What I Want You to Know is a series of reader submissions. It is an attempt to allow people to tell their personal stories, in the hopes of bringing greater compassion to the unique issues each of us face. If you would like to submit a story to this series, click here. Today’s guest post is by Lani Roberts.
I have three children: a son who died as an infant, an adopted son, and a biological daughter. My living children are one and two years old. I am a twenty-eight year old woman with Bipolar II and ADHD. I am a stay-at-home mother with mental illness.
My children wake me up most mornings, and as I yawn and stumble toward the source of the crying, my subconscious is already assessing what kind of day it will be. Some days I shine with the steady light of normalcy; some days I pulse with the intensity of hypo-mania; some days I am swallowed in the darkness of depression. The light is unpredictable, uncontrollable. I blink awake while the children play at my feet, and as eggs sizzle in the pan and the bread heats in the toaster, I reach for my plastic bin of prescription medicine bottles. "Mommy has to take medicine," I explain to my children, in wanton violation of the edicts of parenting experts to always speak in the first person. I open bottles, splitting one pill, counting others. I will repeat this routine twice more before bed.
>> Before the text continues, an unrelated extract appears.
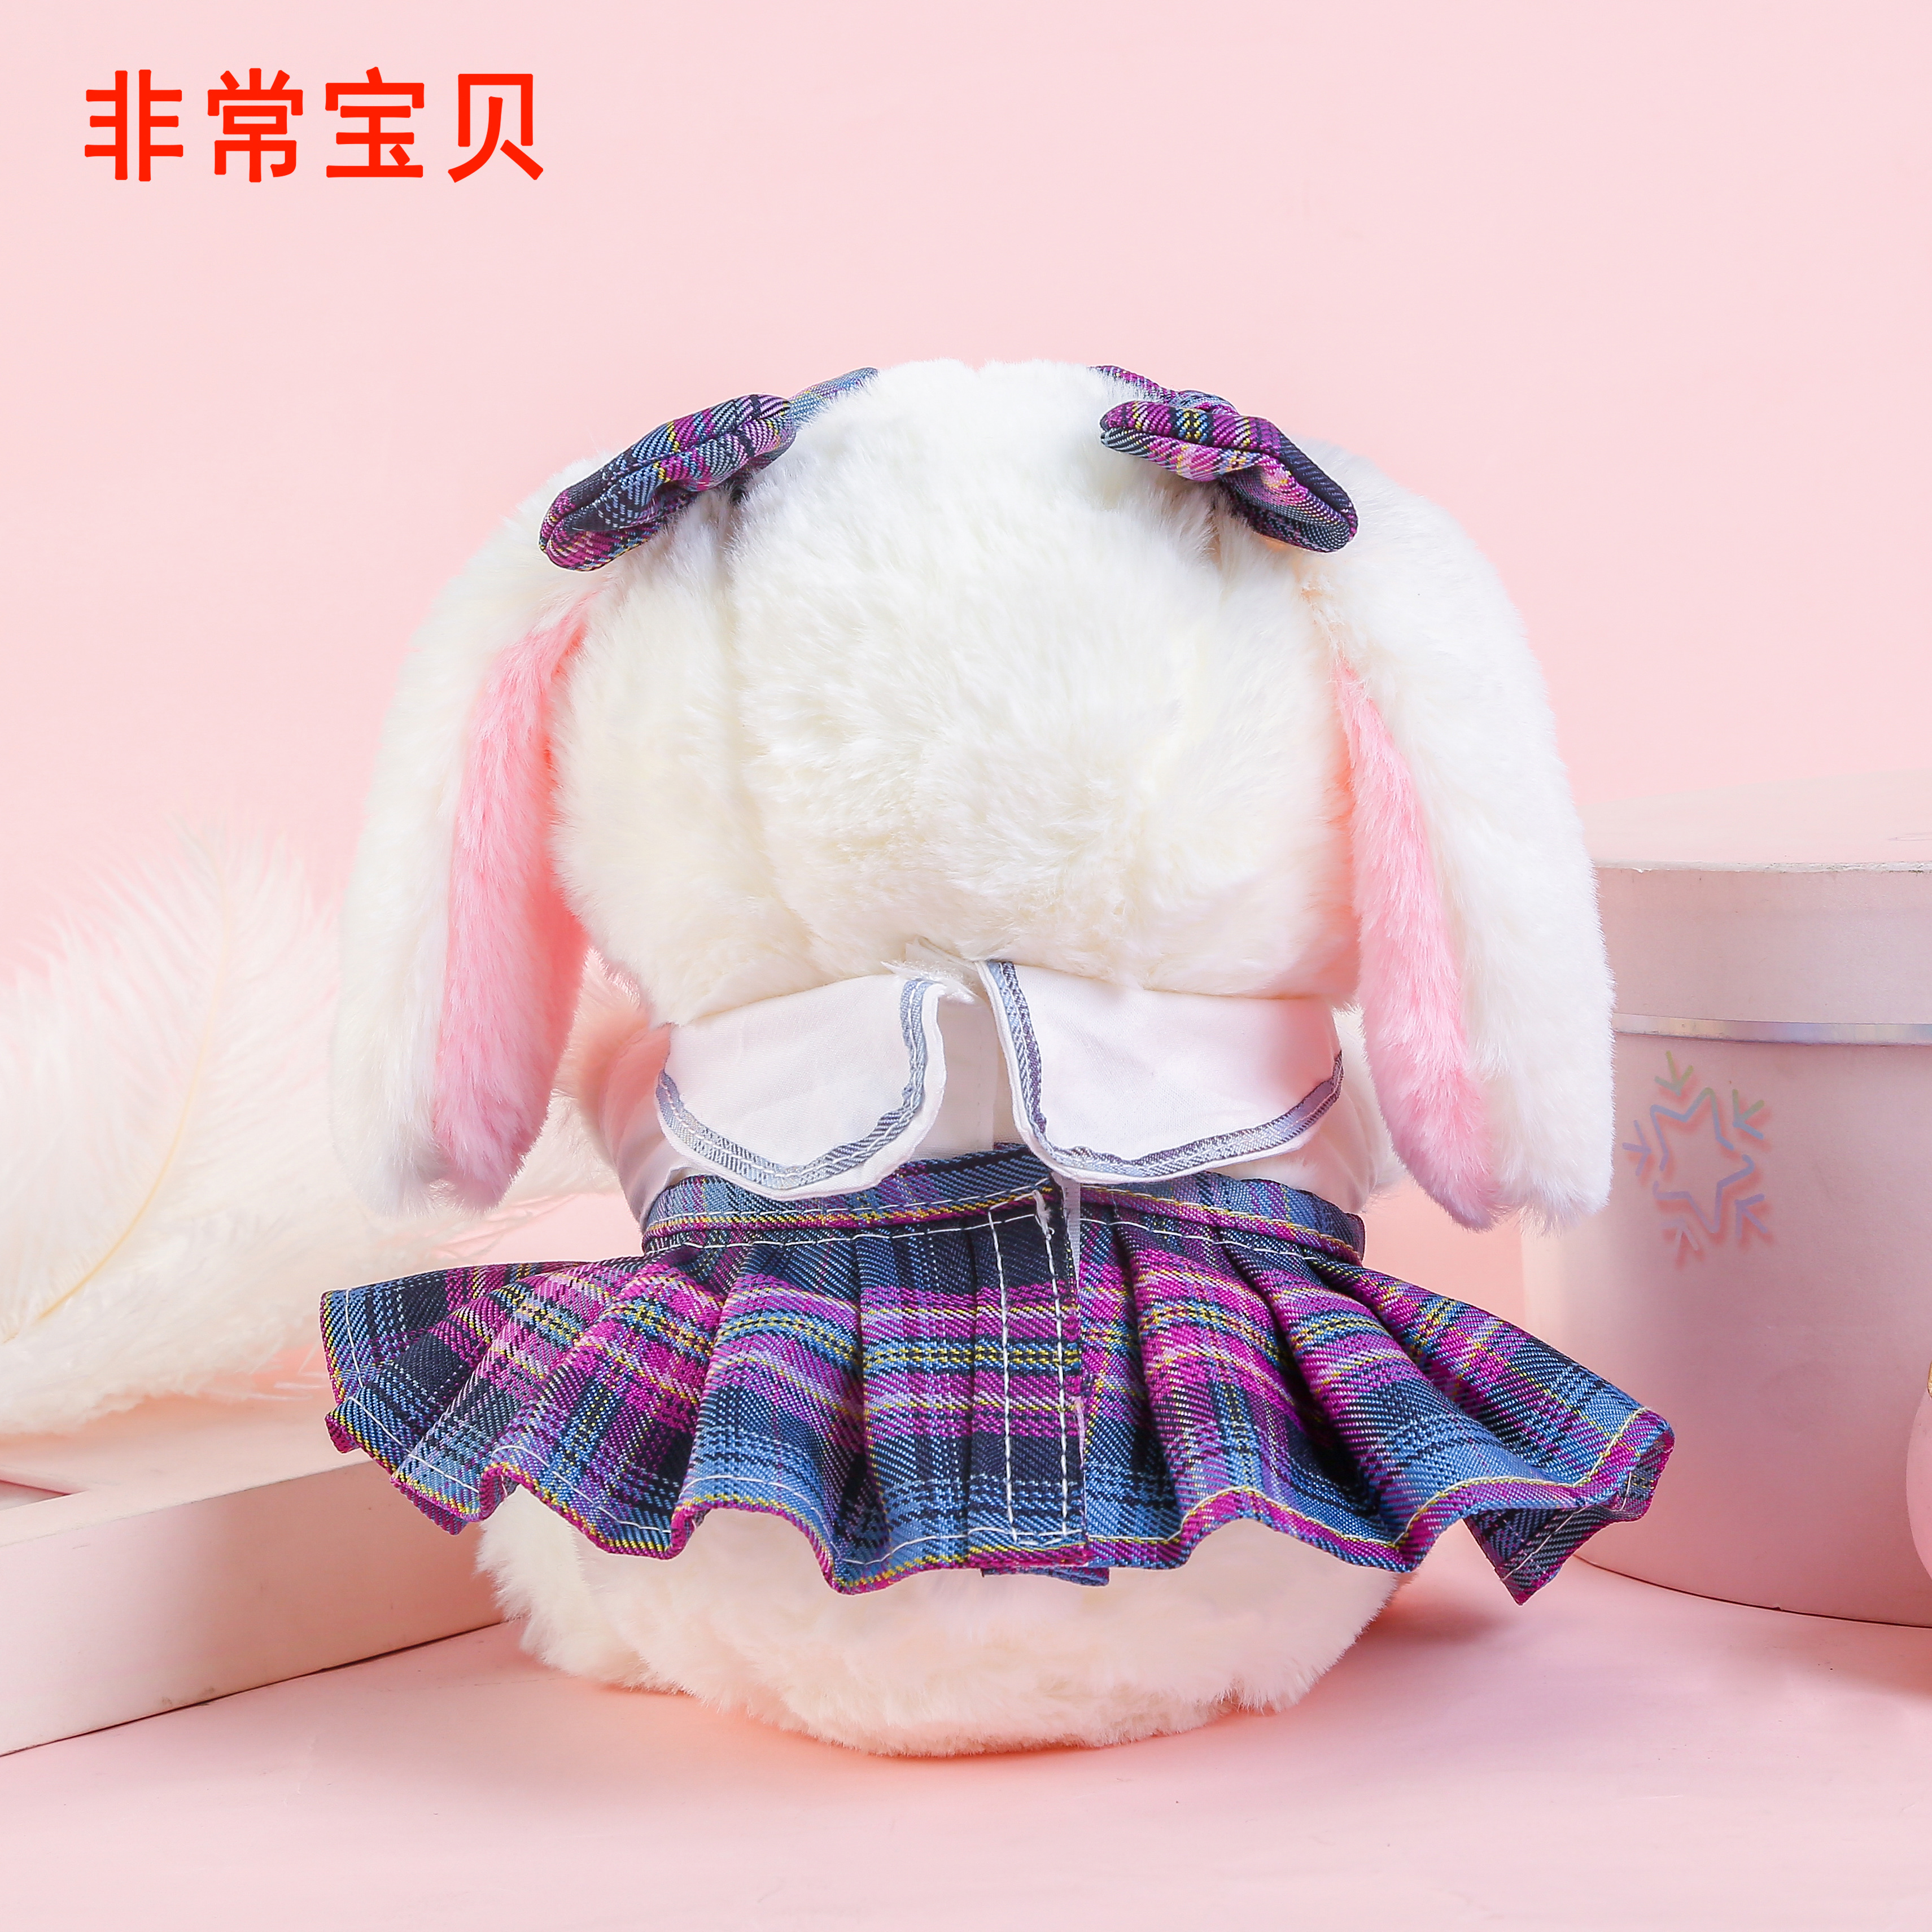 20cmjk紫色兔非常宝贝毛绒玩具布娃娃玩偶抱枕婚庆礼品生日礼物详情图3

Before the pills entered my life, I could not bond with my children. Exhausted and hopeless, I changed diapers and prepared bottles in a haze. A thick veil fell between my sunken eyes and the shining faces of my babies, and as though I was weighed down by blankets of guilt, I could not lift it. Their cries annoyed me; their laugh barely reached me. I cried while I cared for them, tears of sadness, because sadness was the only emotion I could feel.
The darkness reached a breaking point, the therapist appeared, the pills appeared, and suddenly I could see. I still had hard days, but the veil between myself and my children was finally gone. I gloried in the softness of their skin, the music of their voices, the closeness in the tasks of caring for them. With my new abilities to plan and multitask, I was finally able to do housework, take the children to the market, go to the park; these were privileges of normalcy that I had never before been afforded.
I will always feel the pain of losing my son's first year to the darkness of deep depression. I can only be thankful the storms now are shorter and less intense, and that I can hold him and his sister close now and offer them the empathy and strength that I could not then. What do I want you to know about parenting with mental illness?
I want you to know that we who suffer from darkness of the mind, we do our best. But sometimes our best just isn't enough. I clawed at the dirt walls of the pit that entrapped me, desperate to be on the surface with my children, but my scrambling only buried me further. How can I possibly describe the wrenching pain of that separation? How can I describe the desperation of the clawing, the total exhaustion of the effort? As a mother sickened by mental illness, I was too weak to weave the bonds of trust and connection with my children, and the knowledge that this has hurt them leaves scars on my soul.
I want you to know that on the good days I feel like a normal mom, and on the bad days I can barely direct my body in the simplest tasks of childcare. My mind struggles to claim a thought, to plan out how to make breakfast, to access my parenting toolkit. My children cry, and I hold them and cry, because the only thing I have to offer them is my own pain in that moment. How can I describe what it is like to sit on the floor, holding a wailing toddler in each arm, with tears of anguish pouring down my face because I cannot form a coherent thought, cannot remember how to soothe them?
I want you to know how my suffering has made me a better mother. We whose minds are broken, we know intimately what it is like to fail, to be alienated, to be weak. I access these places of brokenness to empathize with my children when they struggle. If the best I have to offer isn't enough, perhaps my brokenness is, and so I offer empathy for the hard times, the failing times, the quitting times, the not-enough times. I know that internal suffering doesn't always require external justification; heart-pain is always valid, even if it is caused by a broken cookie. I have cried over less.
I want you to know that mental illness doesn't just disappear; it can rarely be conquered. It is a disabling, progressive, lifelong condition that requires management and often medication. I am legitimately sick, and the suffering caused by my sickness touches my family and my community as well as myself. The grace in the diagnosis, in identifying the disease, is that I am absolved of blame. Please understand this: we who suffer in the dark are survivors, fighters, bravely reaching and taking hold of life even as the illness loosens our grasp. I do this for myself, my husband, my community, but mostly I do this for my children. I want them to see their mother struggle; I want them to feel, in that deep place where mother love lives, that life is good, life is valuable, life is worth fighting for. Always.